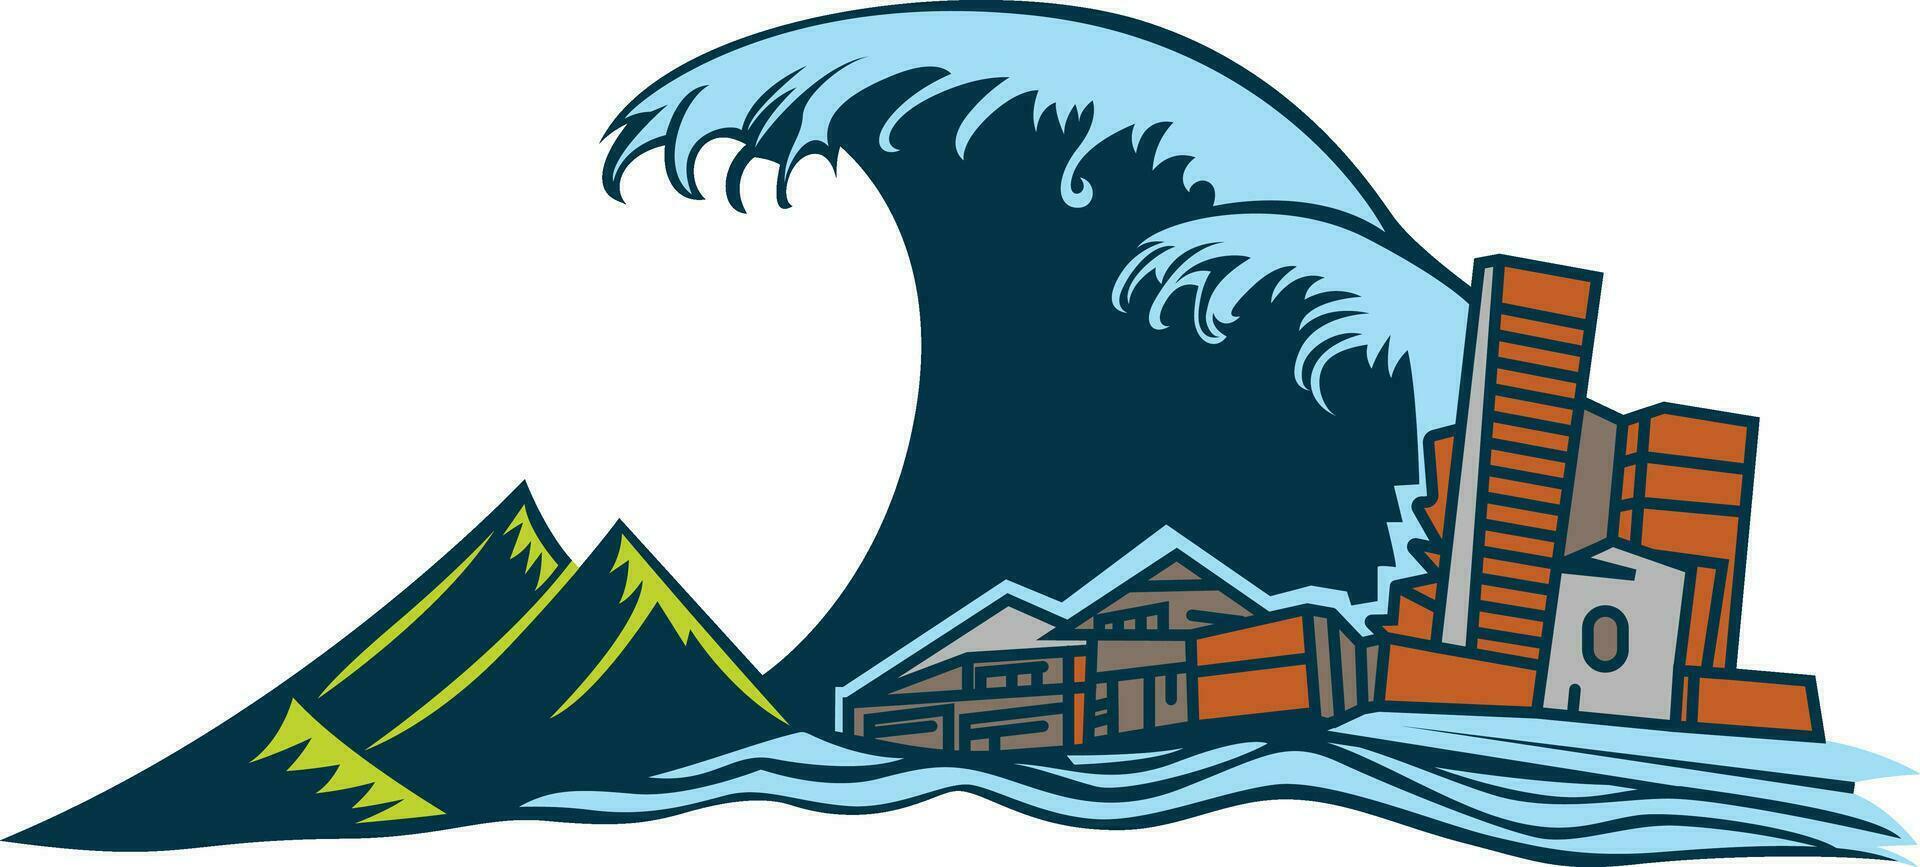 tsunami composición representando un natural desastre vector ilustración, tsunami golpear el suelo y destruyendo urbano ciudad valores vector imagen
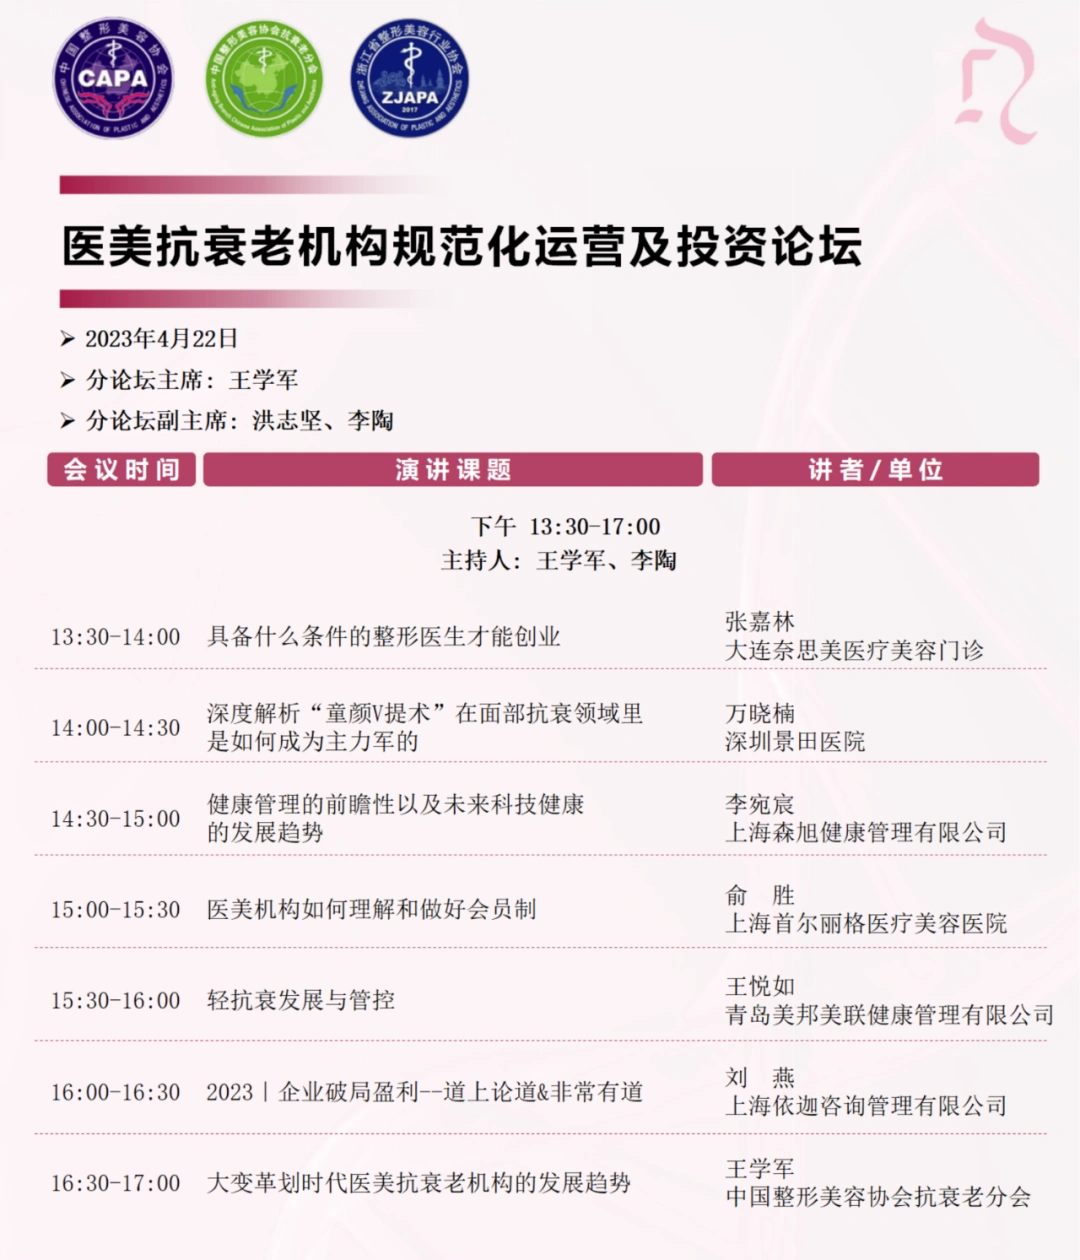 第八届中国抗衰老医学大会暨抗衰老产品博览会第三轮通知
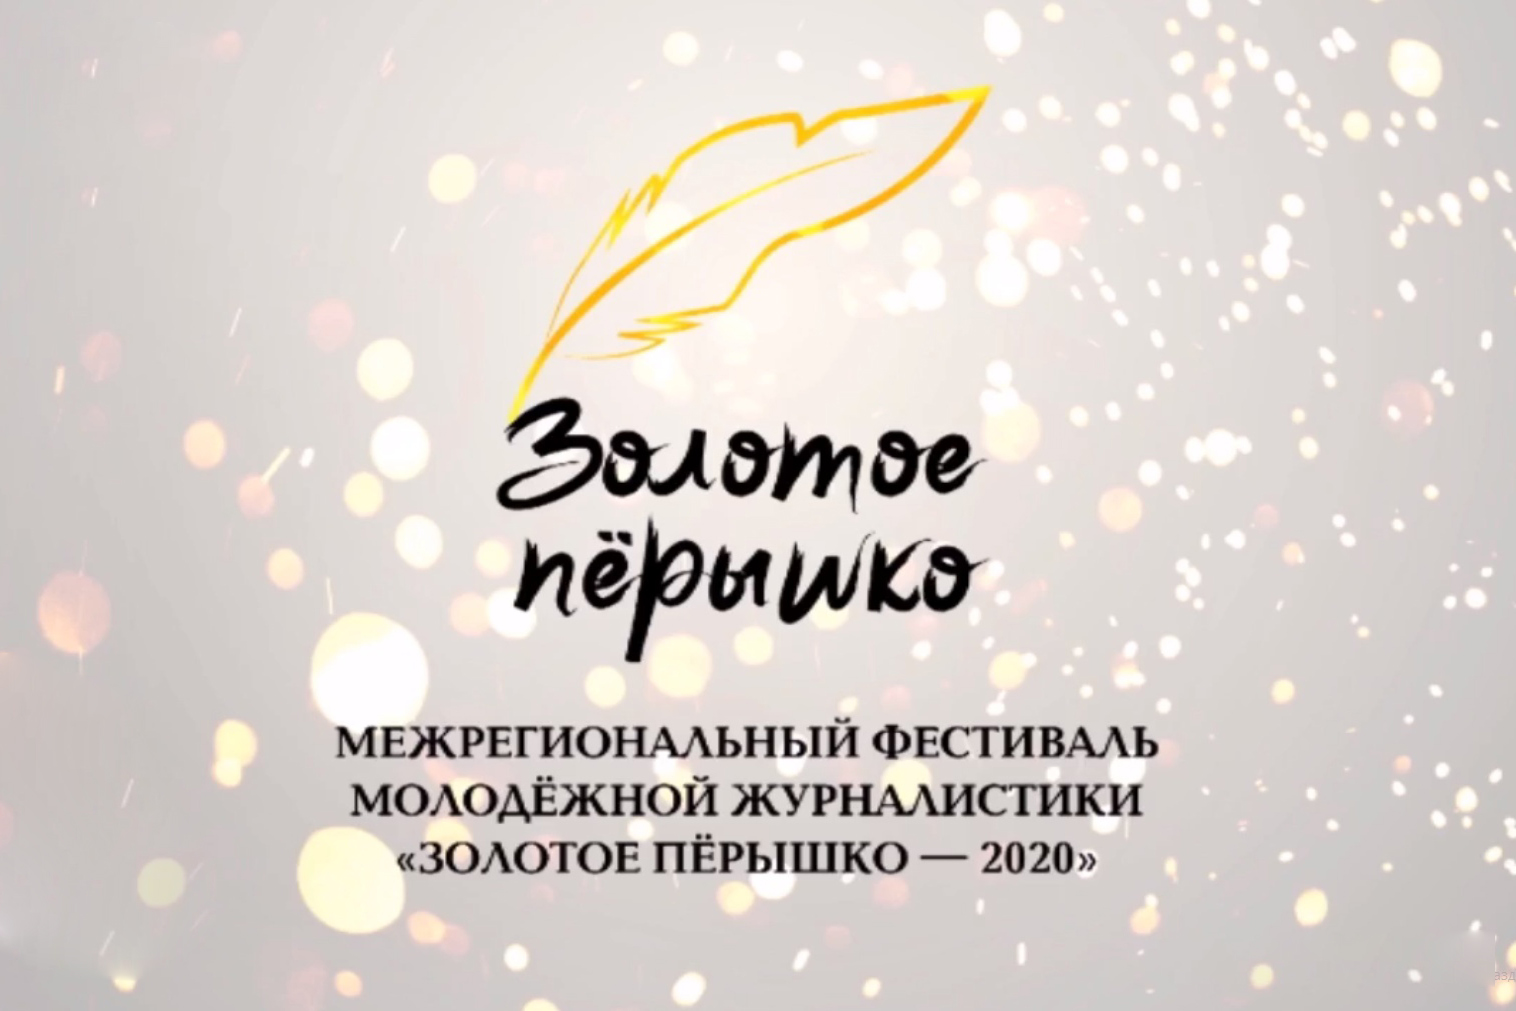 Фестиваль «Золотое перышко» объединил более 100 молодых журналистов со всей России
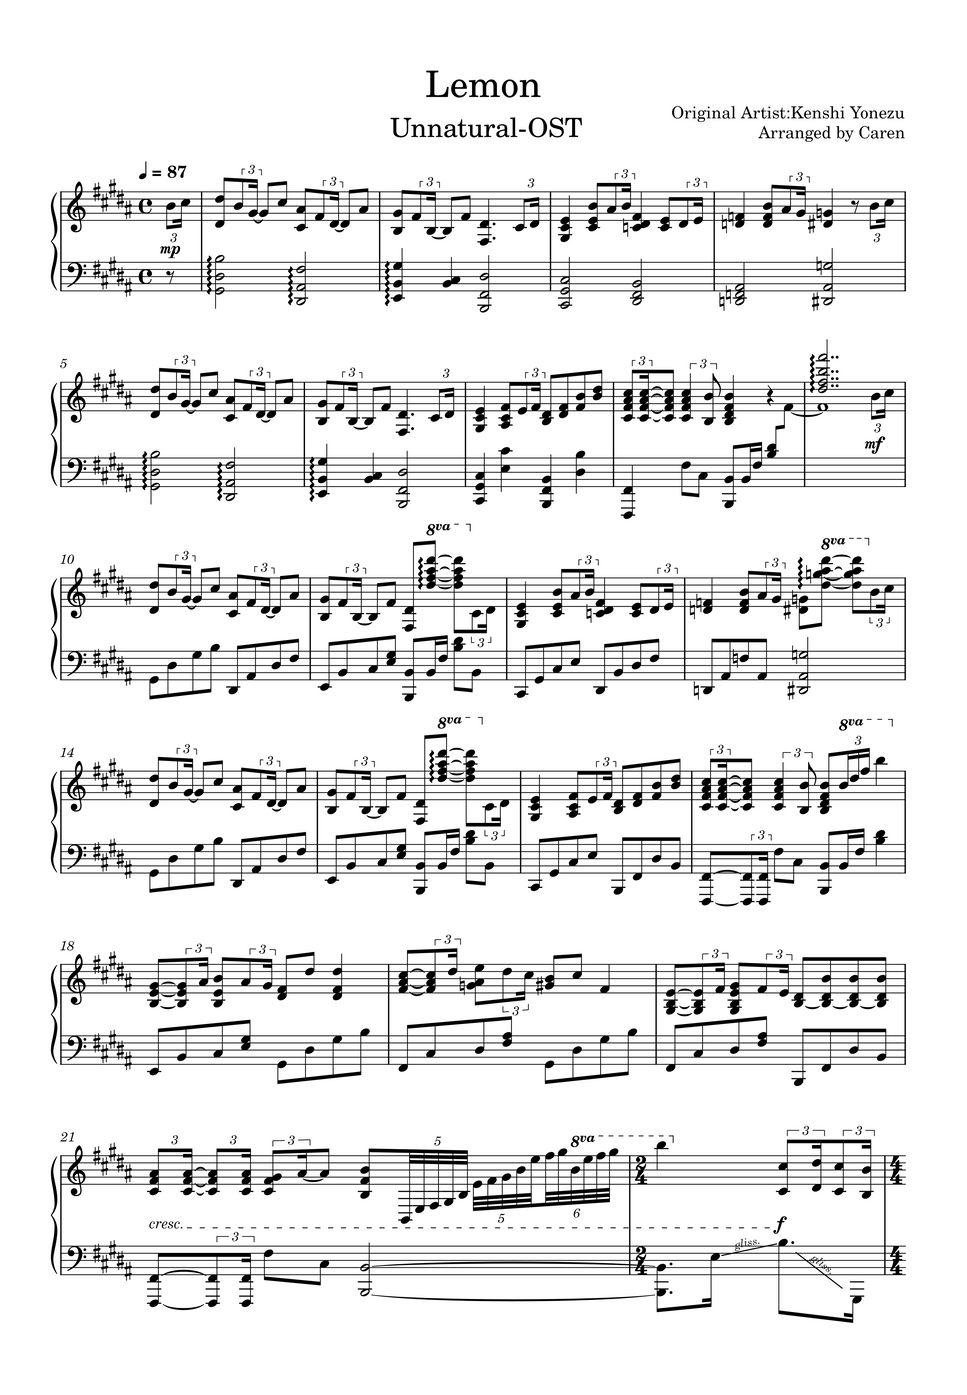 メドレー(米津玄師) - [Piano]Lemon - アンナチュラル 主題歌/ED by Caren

Work instructions
Extract, word for word, each line from the one that contains "第八届中国抗衰老医学大会暨抗衰老产品博览会第三轮通知" through the final line of the data above. Leave the pictures out.

Solution below
 第八届中国抗衰老医学大会暨抗衰老产品博览会第三轮通知
 Фестиваль «Золотое перышко» объединил более 100 молодых журналистов со всей России
 メドレー(米津玄師) - [Piano]Lemon - アンナチュラル 主題歌/ED by Caren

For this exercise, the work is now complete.